Гуляя, мы все время следили за движением луны, да и по возвращении на веранду гостиницы глаз с нее не сводили. Дело в том, что у меня своя собственная теория влияния притяжения на преломление лучей. Она состоит в том, что гравитация рефракции, находясь в зависимости от атмосферной компенсации, одновременно подвержена действию рефракции земной коры, вследствие чего в местах, где проходят высокие горные цепи, это проявляется с наибольшей силой, а отсюда естественно предположить, что одическое и идиллическое начала, взаимно уравновешиваясь, так воздействуют друг на друга, что это не позволяет луне подняться выше, чем на двенадцать тысяч двести футов над уровнем моря. Эта смелая теория была встречена яростным возмущением одной части моих ученых собратьев и недоуменным молчанием другой. В числе первых можно назвать профессора Г., в числе последних — профессора Т. Увы, такова цеховая зависть: ни один ученый не способен отнестись благосклонно к теории, основоположником которой явился не он сам. Этим людям чуждо чувство коллегиальности. Их даже возмущает, когда я обращаюсь к ним как к коллегам. Для того чтобы вы могли судить, как далеко заводит их злоба, приведу следующий пример. Я предложил профессору Г. опубликовать мою замечательную теорию, выдав ее за свою собственную; я даже просил его об этом как о товарищеской услуге; я даже предложил ему, что опубликую ее сам, выдав за его теорию. И вместо благодарности услышал, что, если я посмею приписать ему этот вздор, он притянет меня к ответу за клевету. Я уже хотел предложить ее господину Дарвину, зная его за человека без предрассудков, но воздержался, понимая, что моя теория слишком далека от его генеалогических интересов.

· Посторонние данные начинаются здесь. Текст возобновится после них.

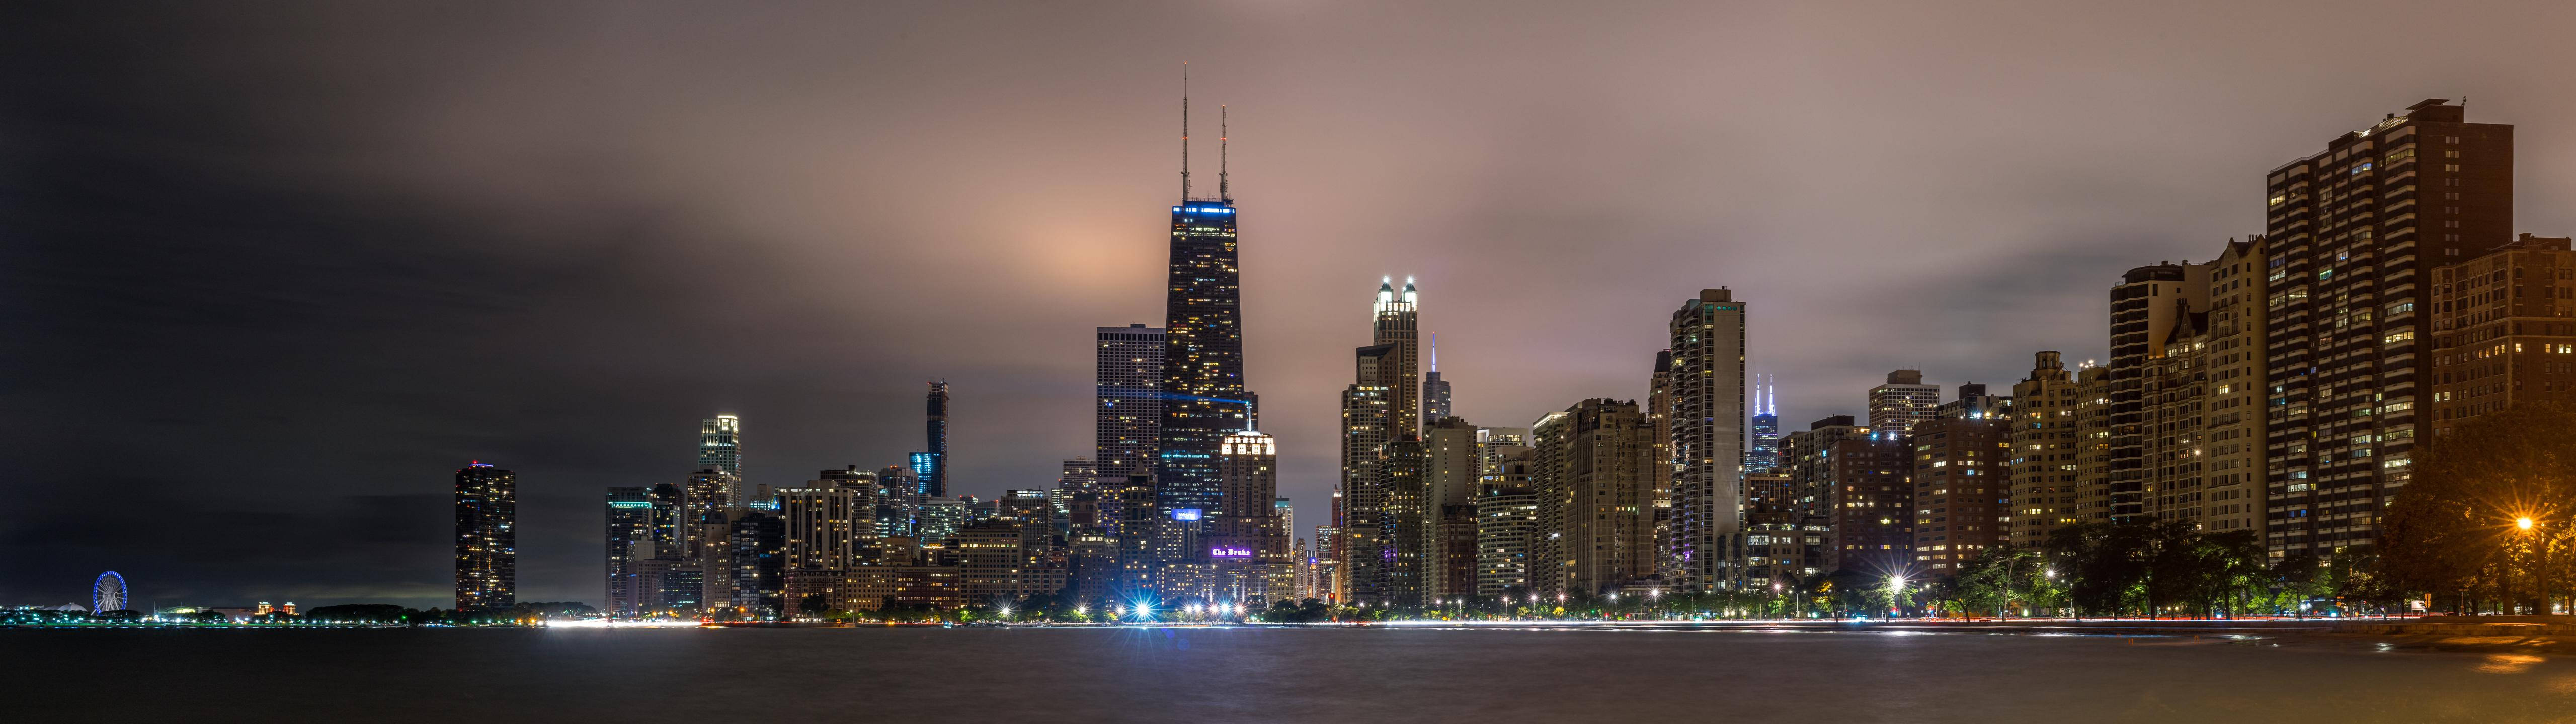 4k Dual Monitor Chicago Skyline At Night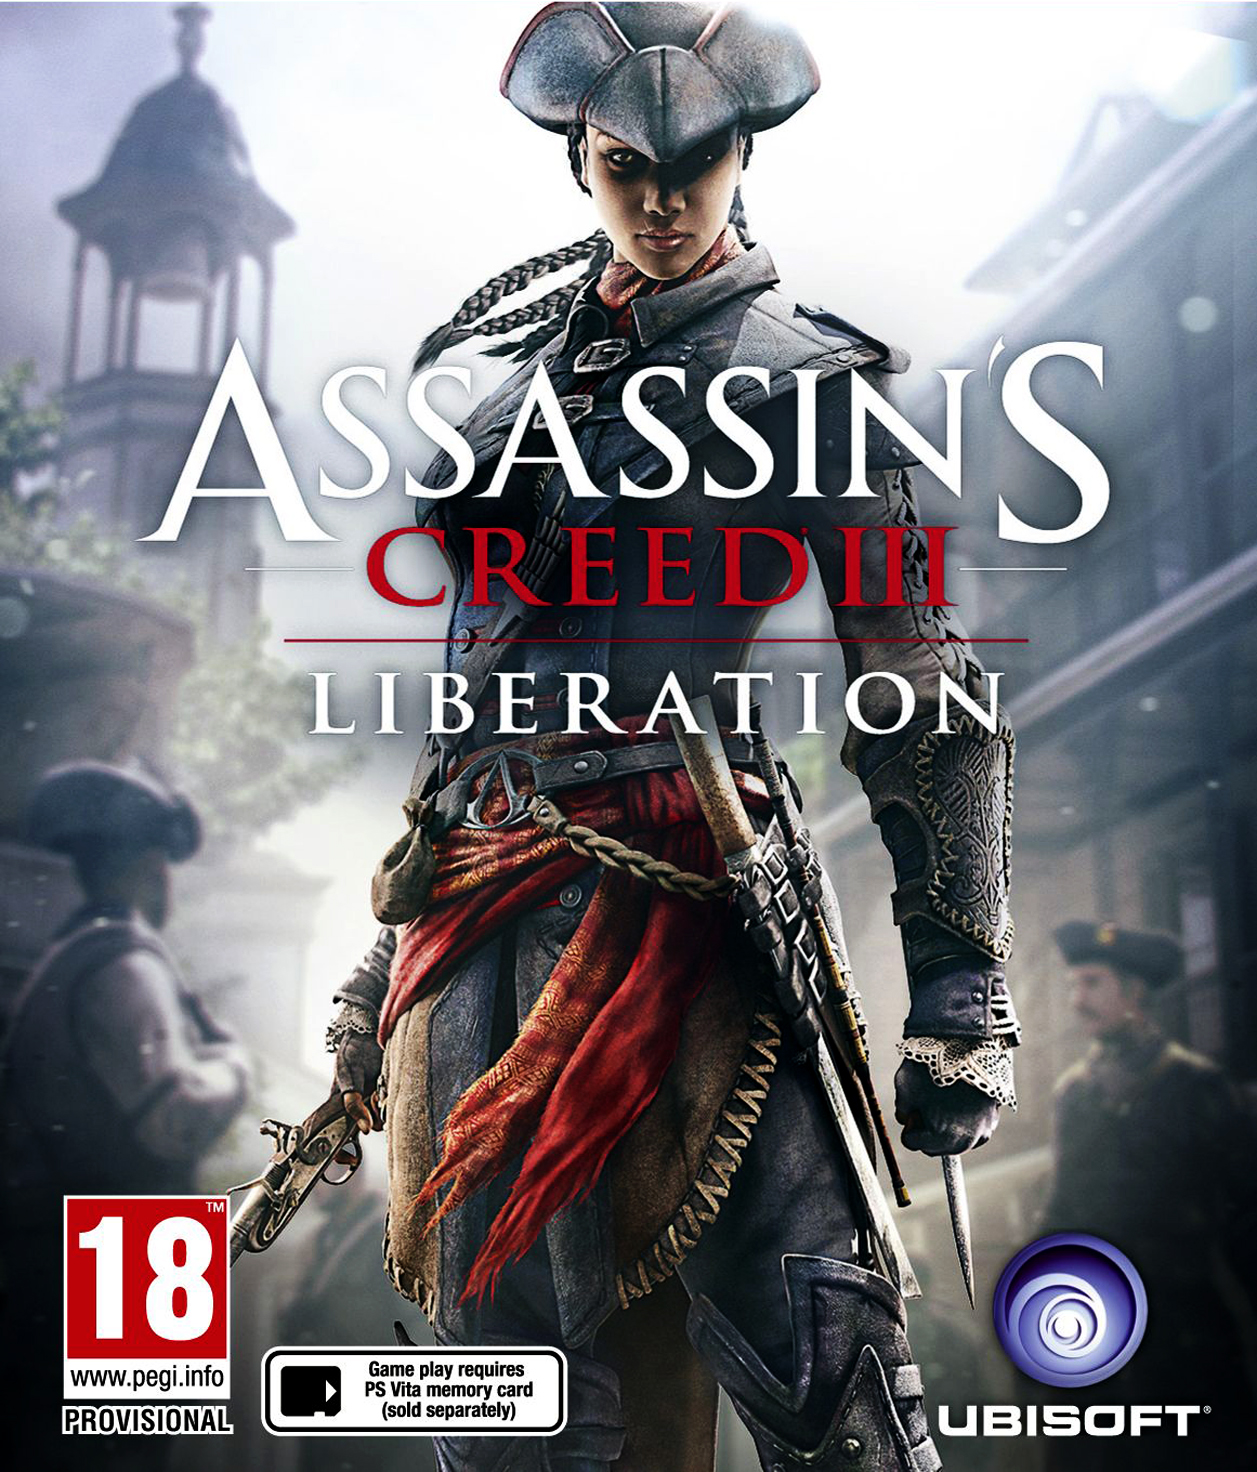 Assassin's Creed III: Liberation. Assassin's Creed

Так и пришлось мне скрепя сердце признать свое отцовство, и я особенно рад этому нынче вечером, когда пишу эти строки и когда моя теория так блестяще подтвердилась. Высота Монблана около шестнадцати тысяч футов, и луны за ним совсем не видно; но рядом с Монбланом стоит пик высотой в двенадцать тысяч двести шестнадцать футов. Луна скользила за башнями вершин, и когда она приблизилась к этому пику, я затаил дыхание, ибо в тот миг для меня как для ученого решалось — быть или не быть. Я не в силах описать чувства, которые, подобно морскому прибою, волновали мои груди, когда лупа зашла за этот шпиль и только верхним своим краем, примерно на два фута четыре дюйма, показалась из-за него. Итак, я спасен! Я знал, что и оказался нрав: луна проплыла позади всех пиков, но так и не поднялась ни над одним из них.
Каждый раз как лупа проходила за одним из этих острых пальцев, она отбрасывала на пустое небо его тень в виде длинного косого, резко очерченного темного луча, казалось наделенного ударной силой, подобно восходящей струе воды, выбрасываемой пожарной машиной. Забавно было видеть густую добротную тень земного предмета на таком невещественном экране, как атмосфера.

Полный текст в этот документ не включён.